Sebastian KirchSucceed

On the 22nd of September, the tutorial State-of-the-art Tools for Text Digitisation was held in Valletta (Malta) in the framework of the TPDL conference. The tutorial, organised by the Succeed project, attracted 15 participants (a significant number for this type of events) mainly from libraries and archives from Europe, America and Africa.

Most of the participants did not have a technical background but were librarians and archivists interested in the possibilities of digitization and the elements and challenges to be considered when starting a digitization project. The session was organised in 6 sections:

  1. Introduction to text digitisation process
  2. Image enhancement
  3. OCR and Post-correction
  4. Logical structure analysis
  5. Lexicon-building, Deployment and Enrichment
  6. Hands-on session

For addtional information, the tutorial slides can be consulted here.

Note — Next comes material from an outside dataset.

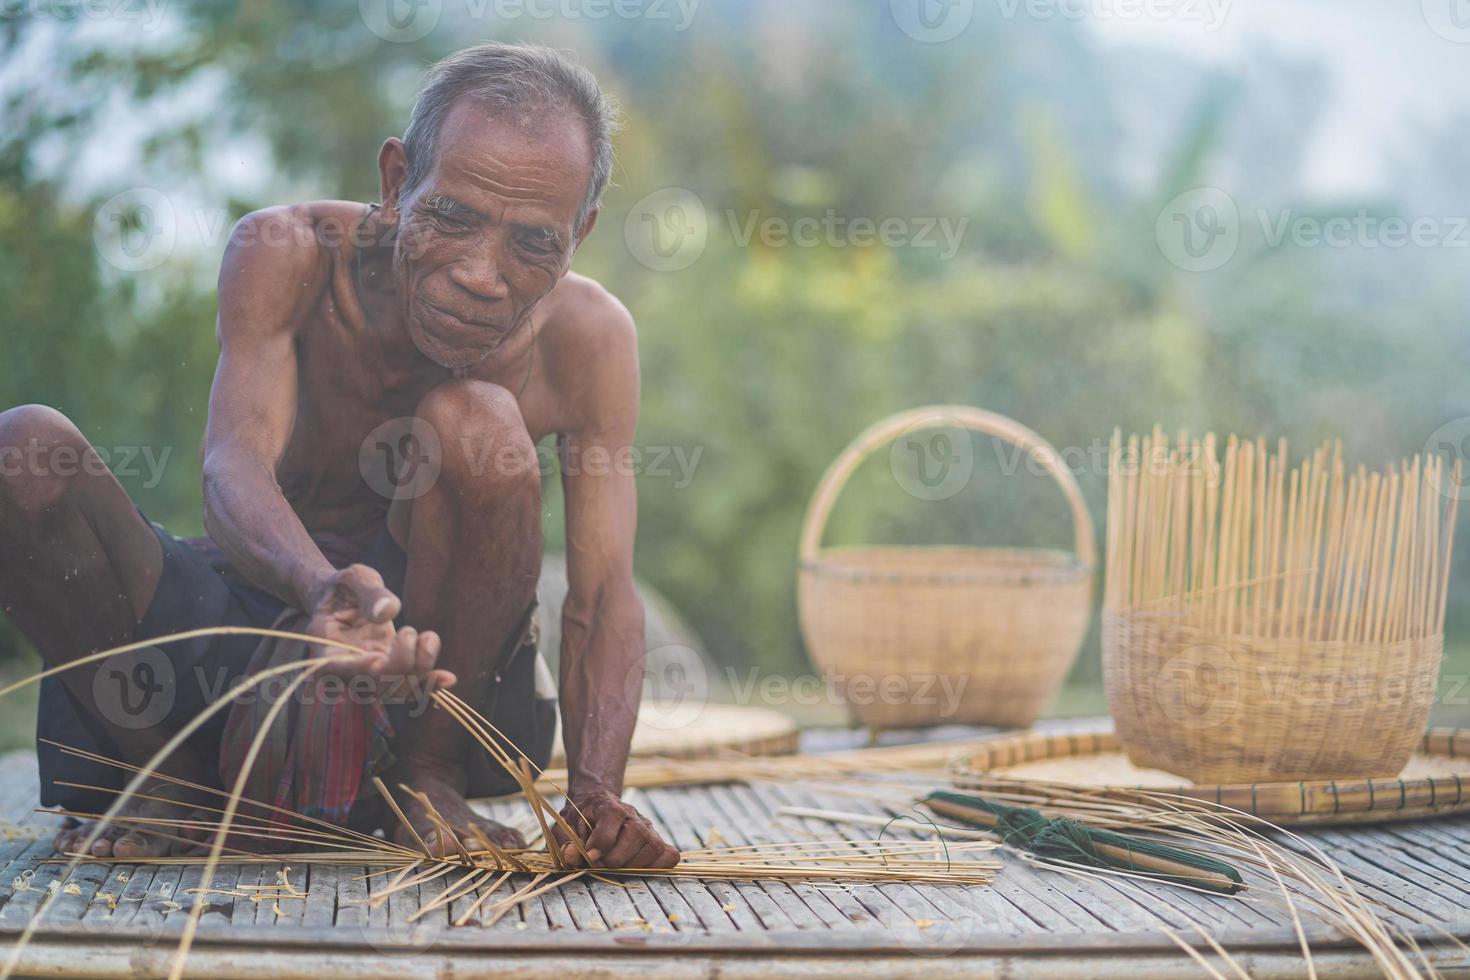 homem sênior e artesanato de bambu, estilo de vida dos habitantes locais na Tailândia foto

The feedback from the participants can be summarized as follows:

  • Even though most of the participants were not directly involved in digitization projects, they found it very interesting to get an overview on the possibilities digitisation technology offers.
  • Each digitisation project is different and with the extensive set of available tools it is important to evaluate very carefully which tools can improve the digitisation workflow.
  • The participants agreed that it is always advisable to have technical experts at hand that know the field very well and are able to select the right tools for the each step of the digitization workflow.